What is the core idea behind "In-Context Learning"?
1. Show a model three examples, and it learns the task on the spot — without any weight updates. This is one of the strangest properties of transformers.
2. A capable but misaligned model is dangerous by design
3. Score responses by a harms rubric
4. Apollo Research: focuses on deception and scheming
Which term best describes a foundational idea in "In-Context Learning"?
1. few-shot
2. in-context learning
3. induction head
4. meta-learning
A learner studying In-Context Learning would need to understand which concept?
1. in-context learning
2. induction head
3. few-shot
4. meta-learning
Which of these is directly relevant to In-Context Learning?
1. in-context learning
2. few-shot
3. meta-learning
4. induction head
Which of the following is a key point about In-Context Learning?
1. No training required for new tasks
2. Adapts at runtime based on what you show
3. Works for tasks that did not exist when the model was trained
4. Lets non-ML users customize behavior with text alone
Which of these does NOT belong in a discussion of In-Context Learning?
1. A capable but misaligned model is dangerous by design
2. No training required for new tasks
3. Adapts at runtime based on what you show
4. Works for tasks that did not exist when the model was trained
Which statement is accurate regarding In-Context Learning?
1. Examples in the prompt are noisy or inconsistent
2. Context window runs out before you can include enough examples
3. Tasks far from pretraining distribution — few-shot cannot invent new capabilities
4. The model pattern-matches to a memorized template instead of the actual mapping
Which of these does NOT belong in a discussion of In-Context Learning?
1. A capable but misaligned model is dangerous by design
2. Context window runs out before you can include enough examples
3. Examples in the prompt are noisy or inconsistent
4. Tasks far from pretraining distribution — few-shot cannot invent new capabilities
What is the key insight about "Induction heads" in the context of In-Context Learning?
1. Early transformer studies found circuits called 'induction heads' that spot repeated patterns in the context and copy th…
2. A capable but misaligned model is dangerous by design
3. Score responses by a harms rubric
4. Apollo Research: focuses on deception and scheming
What is the key insight about "Prompt engineering is ICL engineering" in the context of In-Context Learning?
1. A capable but misaligned model is dangerous by design
2. When you reshuffle few-shot examples and get better answers, you are tuning the model's implicit in-context optimization.
3. Score responses by a harms rubric
4. Apollo Research: focuses on deception and scheming
What is the recommended tip about "Ground your practice in fundamentals" in the context of In-Context Learning?
1. A capable but misaligned model is dangerous by design
2. Score responses by a harms rubric
3. Every AI capability has an underlying mechanism.

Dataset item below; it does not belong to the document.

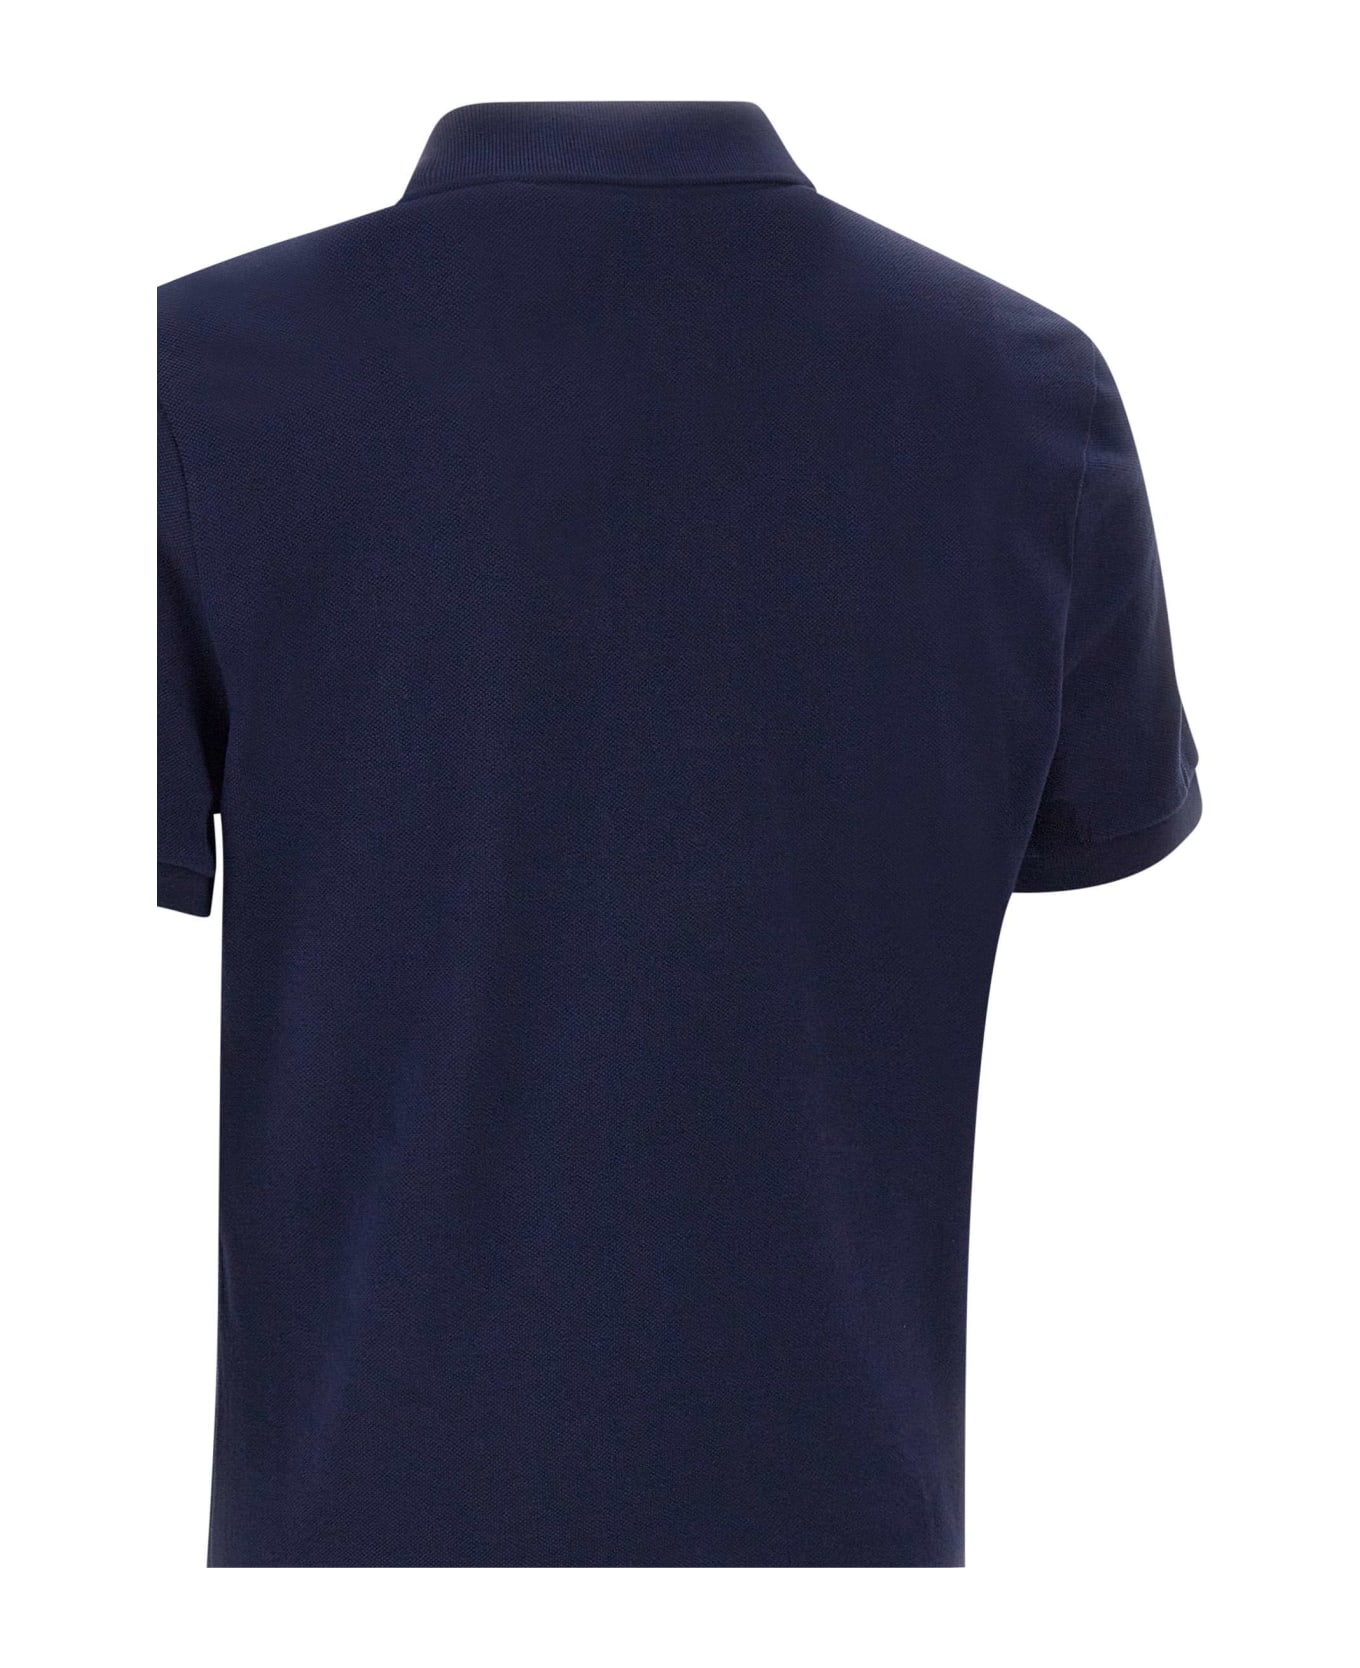 Lacoste Cotton Polo Shirt - BLUE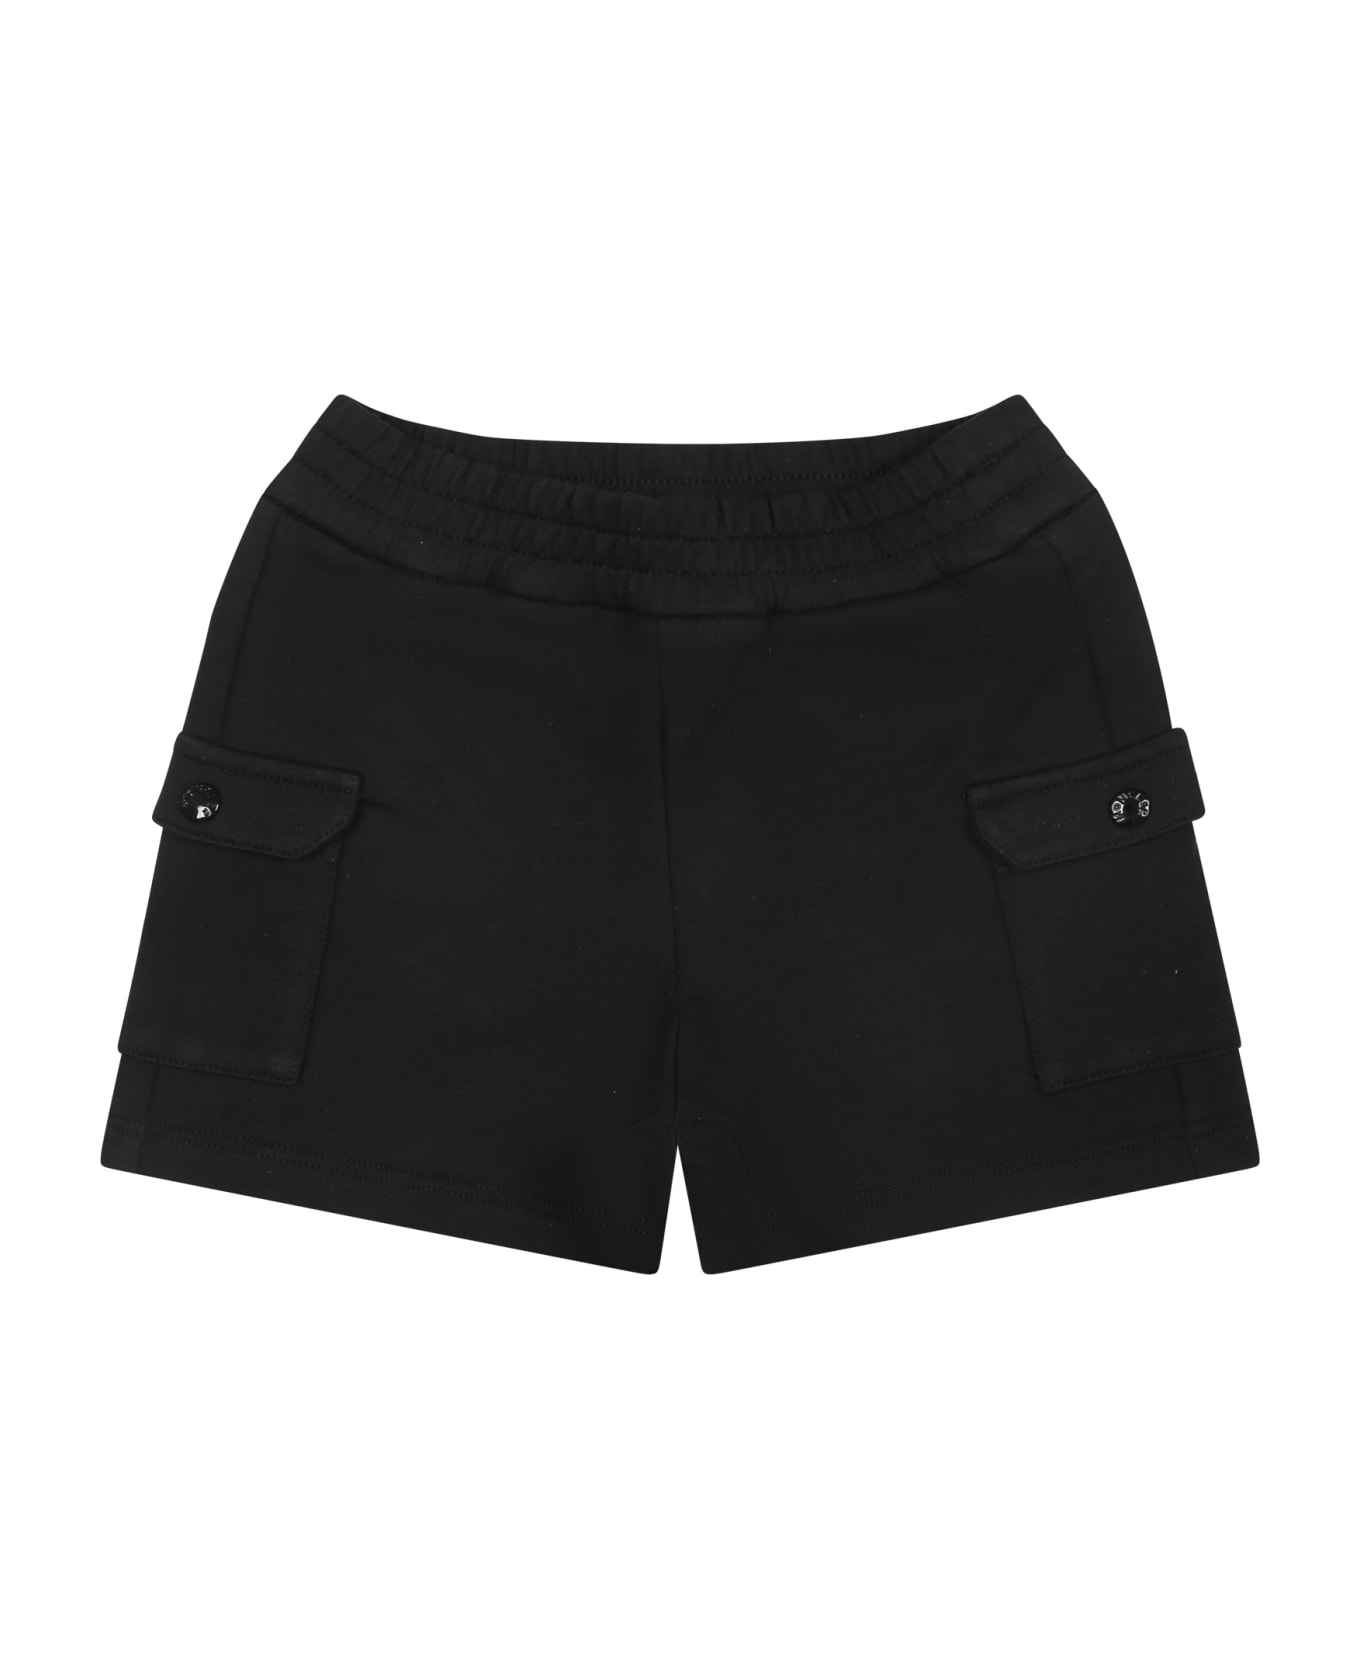 Moncler Black Sports Shorts For Baby Boy - Black ボトムス

Understanding that mechanism tells you where it'll fail — which is more…
4. Apollo Research: focuses on deception and scheming
Which statement accurately describes an aspect of In-Context Learning?
1. A capable but misaligned model is dangerous by design
2. Score responses by a harms rubric
3. Apollo Research: focuses on deception and scheming
4. In-context learning (ICL) is a model's ability to acquire a new task from examples shown in its prompt, without any gradient updates.
What does working with In-Context Learning typically involve?
1. Research has shown that transformers can implement something like gradient descent in their attention layers, using the in-context examples …
2. A capable but misaligned model is dangerous by design
3. Score responses by a harms rubric
4. Apollo Research: focuses on deception and scheming
Which of the following is true about In-Context Learning?
1. A capable but misaligned model is dangerous by design
2. The big idea: modern LLMs learn inside a single forward pass. Understanding ICL reshapes how you think about what 'training' even means.
3. Score responses by a harms rubric
4. Apollo Research: focuses on deception and scheming
Which best describes the scope of "In-Context Learning"?
1. It is unrelated to foundations workflows
2. It applies only to the opposite beginner tier
3. It focuses on Show a model three examples, and it learns the task on the spot — without any weight updates. This i
4. It was deprecated in 2024 and no longer relevant

← Back to interactive lesson

Tendril · Creators · AI Foundations

In-Context Learning

Show a model three examples, and it learns the task on the spot — without any weight updates. This is one of the strangest properties of transformers.

38 min · Reviewed 2026

Learning Without Training

Few-shot in-context learning example:

English: The cat sat on the mat.
Pirate:  The scallywag perched on yonder rug.

English: I love pizza.
Pirate:  Arr, me heart beats for pizza pie!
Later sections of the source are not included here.